MarketingSherpa Video Archive

How Marketers Can Use Behavioral Economics to Guide Customer Decision Making and Drive ROI

Kelly Peters, CEO and co-founder, BEworks

Many organizations make decisions based on outdated assumptions about their customers’ needs. They believe that if they present more product information, consumers will value them; if they offer cash incentives, consumers will respond; or if they add more choice, consumers will buy.

However, in the last few decades, behavioral scientists have identified many ways in which people deviate from these assumptions. We don’t always follow through with what we say we will; we’re motivated by more than just money, and too much choice can actually hinder decision making.

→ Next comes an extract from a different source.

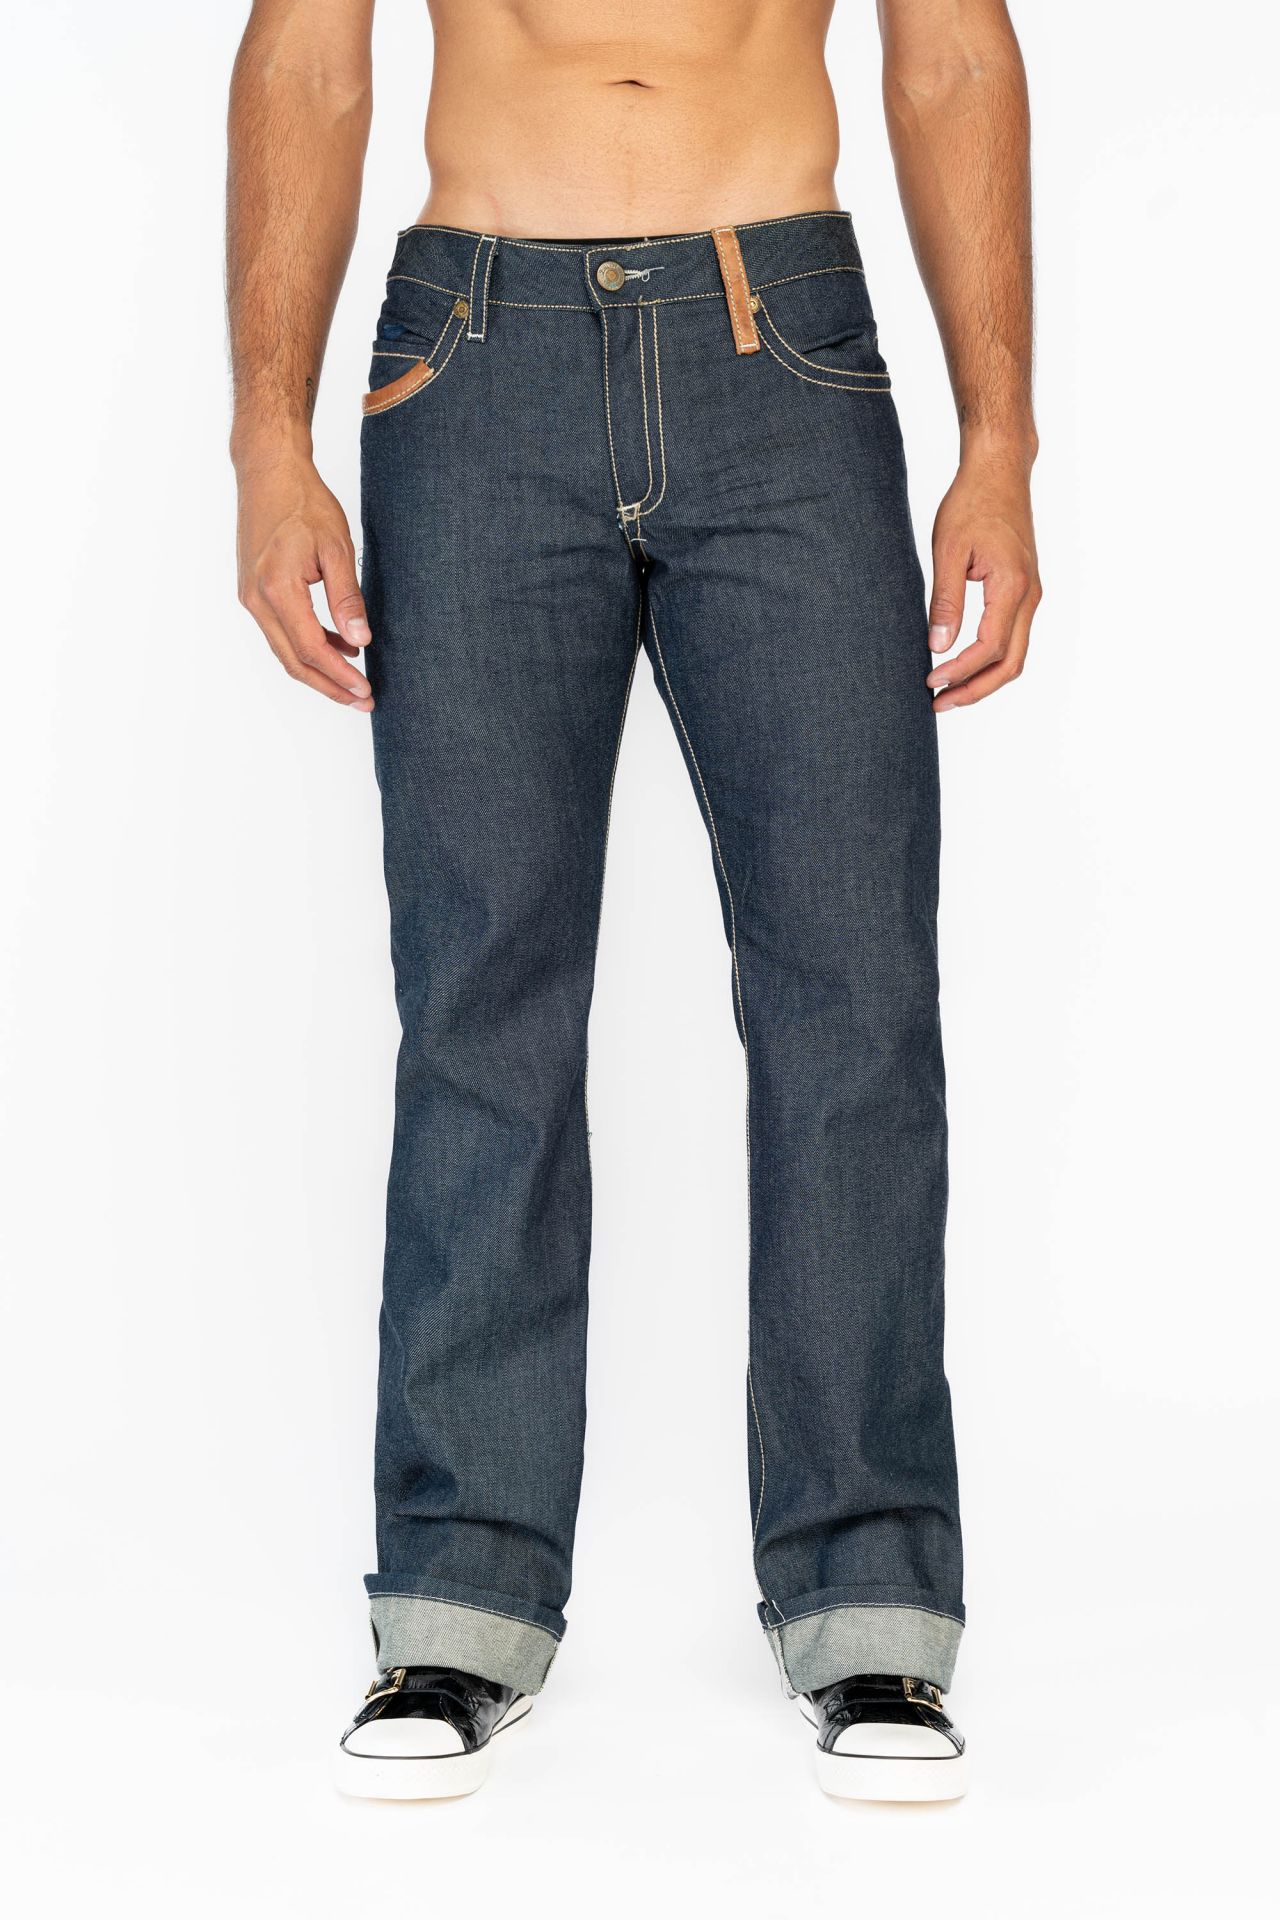 RAW DENIM COLLECTION MENS BOOTCUT JEANS WITH LEATHER INSERTS IN INDIGO RAW

BEworks, according to Kelly Peters, its CEO and co-founder, is all about “taking the insights of behavioral science, so the interdisciplinary psychology of judgement and decision-making, and bringing that to light. Bringing that insight to our business challenges.” 

Getting into the consumer mindset, she said, is a challenge for marketers to overcome. To do that, marketers must build a process and then walk through it from the customer’s point of view.

“What are the decisions we’re expecting people to make? And what are the enablers and barriers to those decisions? And once you start to slog through the weeds, you’re going to start to find, ‘this is where we’re overwhelming people,’” she said.

In this session, Peters covers how to leverage recent insights gained from behavioral data to drive ROI in real-world marketing scenarios. She walks through the method to understanding the customer decision process, in order to meet needs before the purchase point.